## AVAILABLE DATA
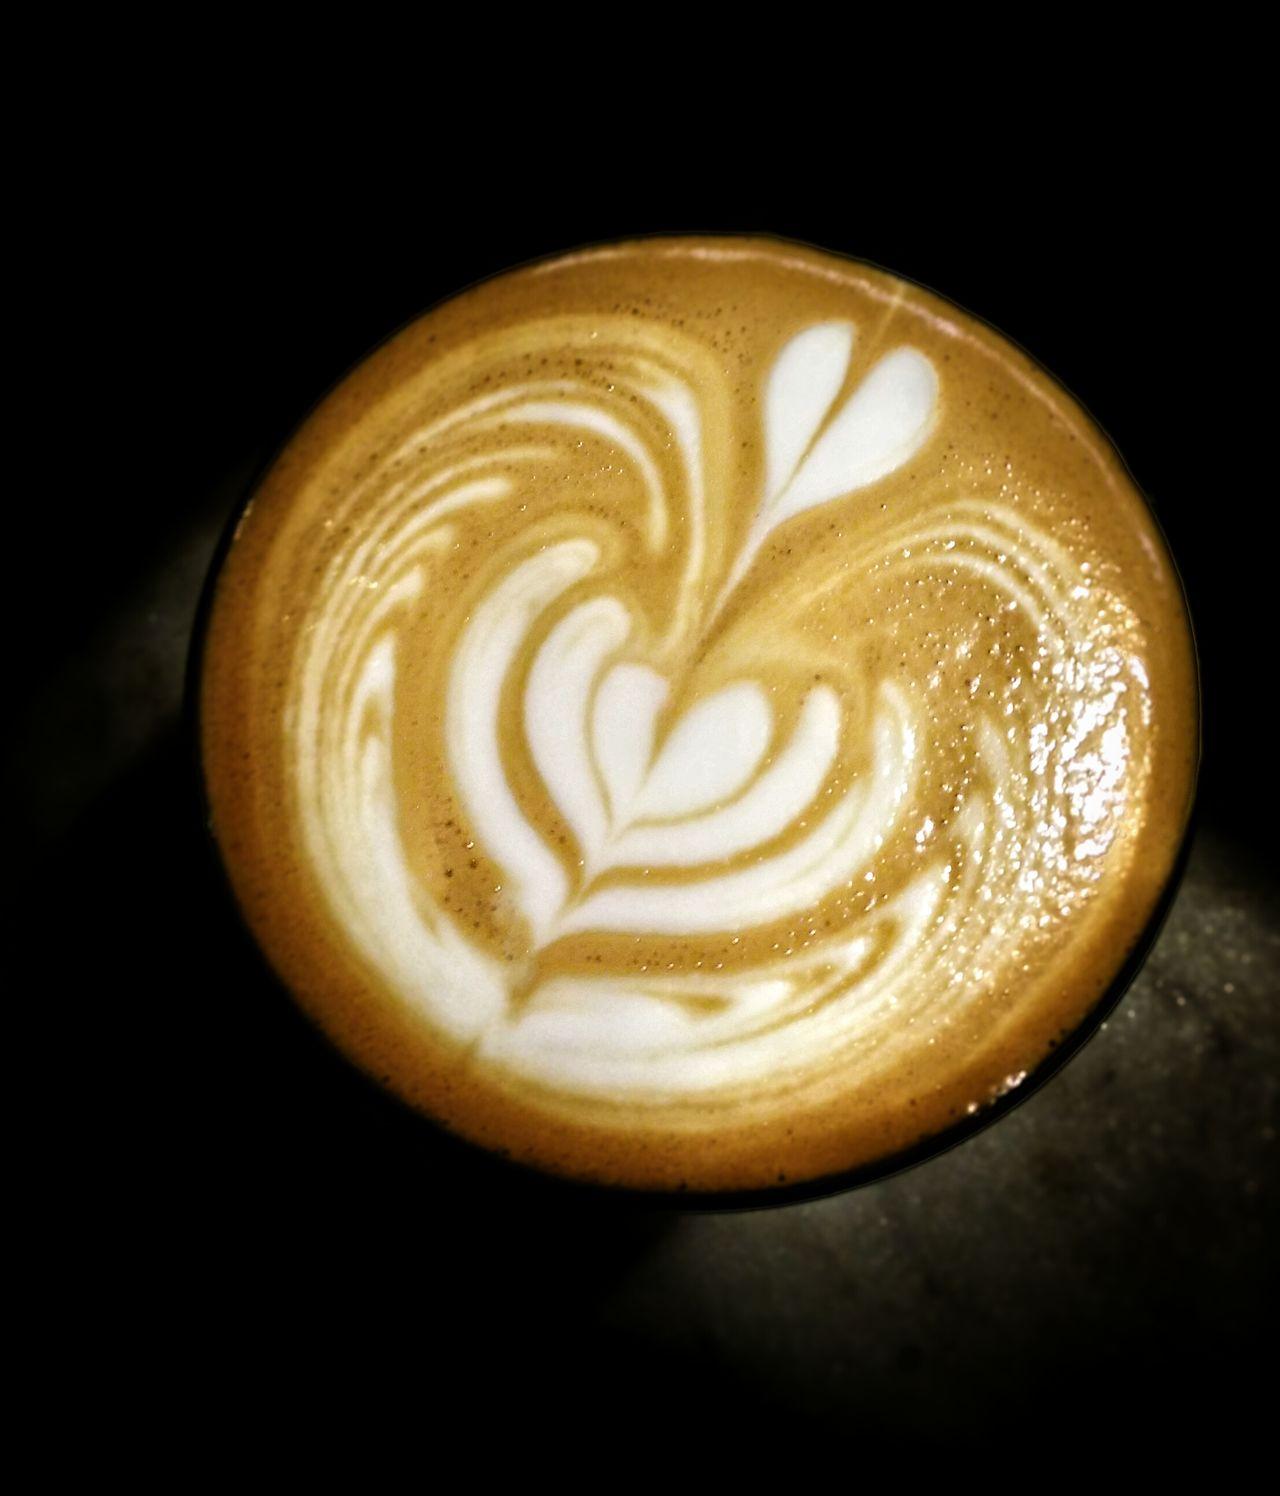 Cortado. Art by me. Cofee Cofee Time Cortado Latte Art Pour Tulip Layers Cafe Barista Barista Life Espresso Milk Stumptown Coffee
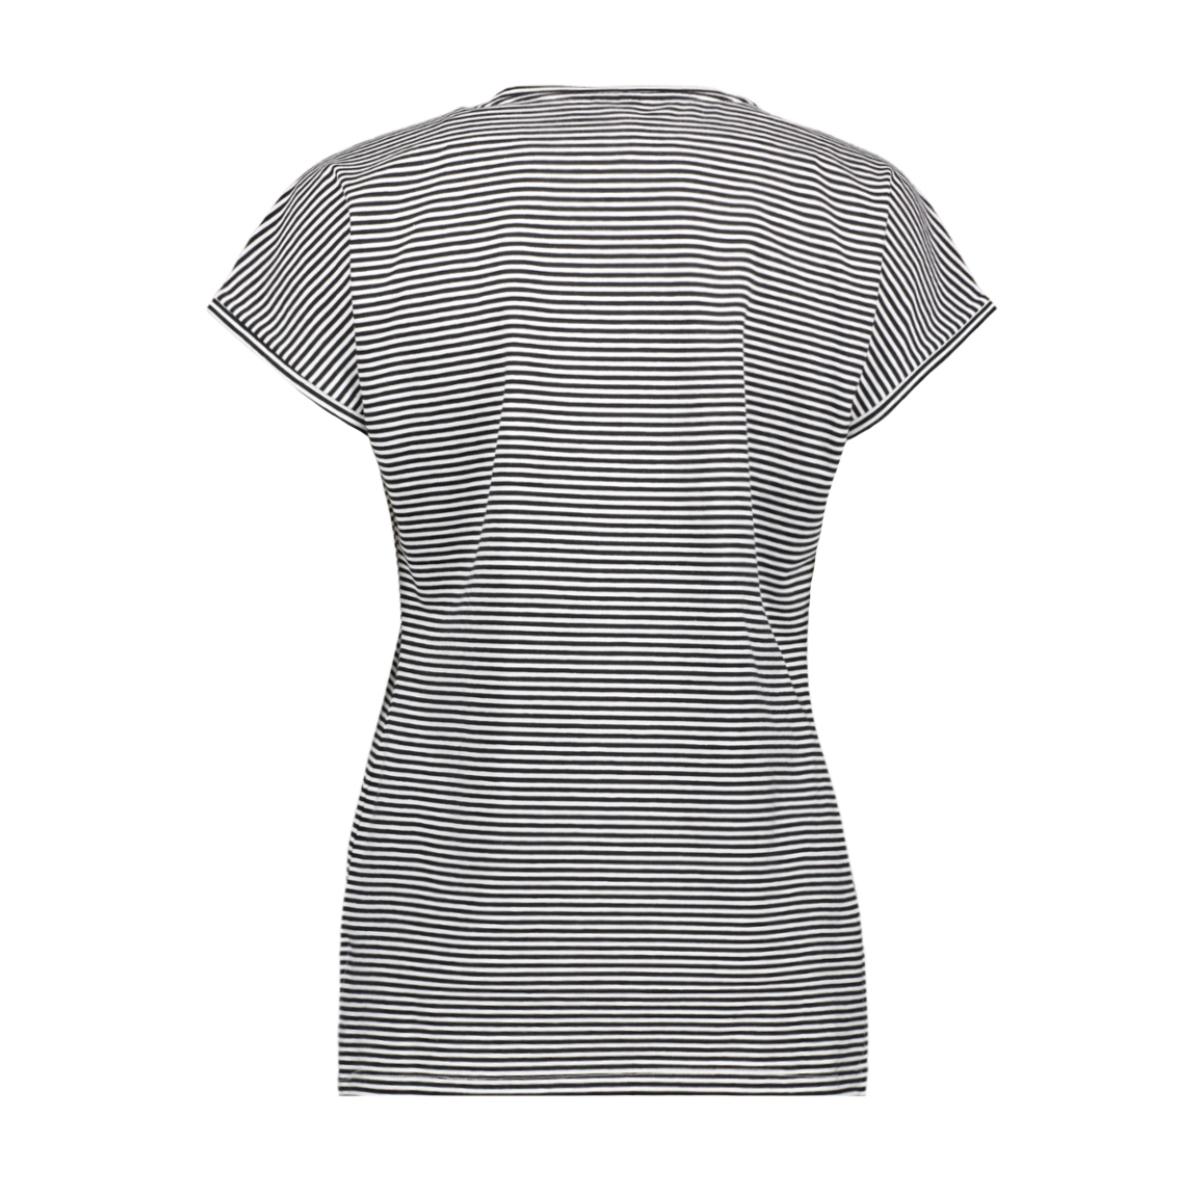 aster t shirt 193 zoso t-shirt black/white
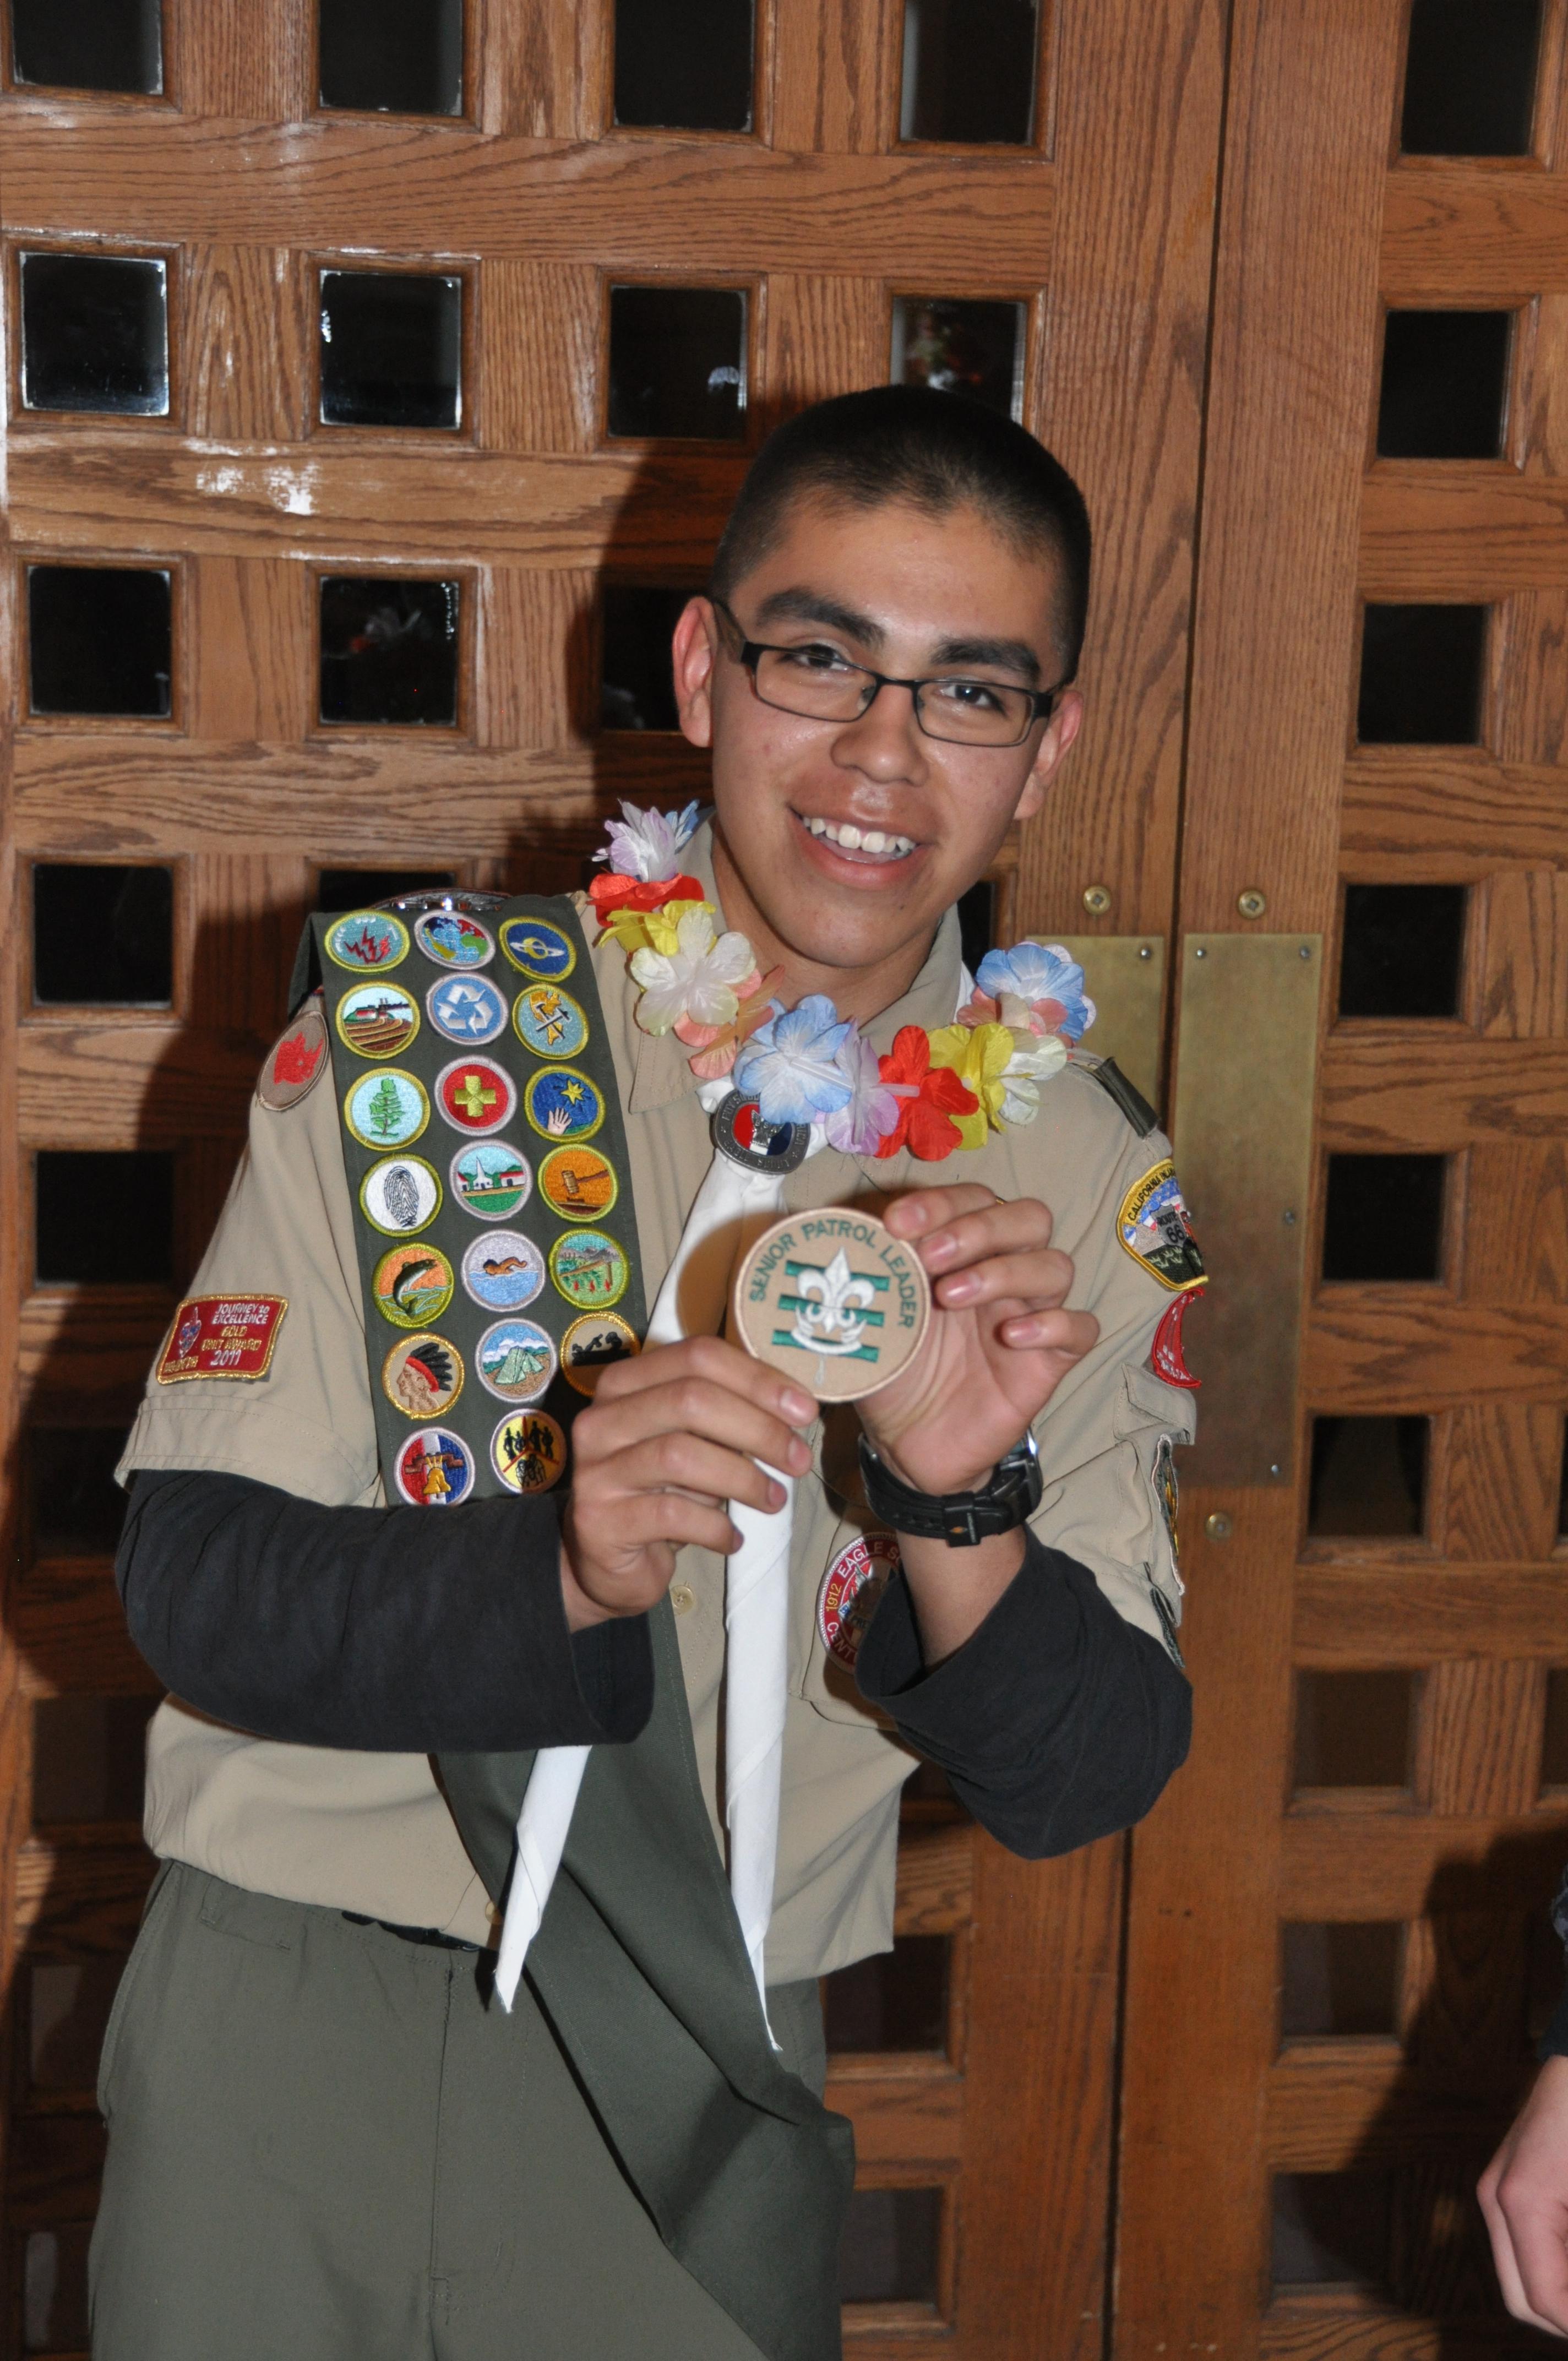 Samaniego Elected Senior Patrol Leader for Troop 11

## EXERCISE INSTRUCTIONS
Begin at the line with "aster t shirt 193 zoso t-shirt black/white" and end at the last line of the data above. Reproduce those lines exactly, but not the pictures.

## TASK RESPONSE
 aster t shirt 193 zoso t-shirt black/white
 Samaniego Elected Senior Patrol Leader for Troop 11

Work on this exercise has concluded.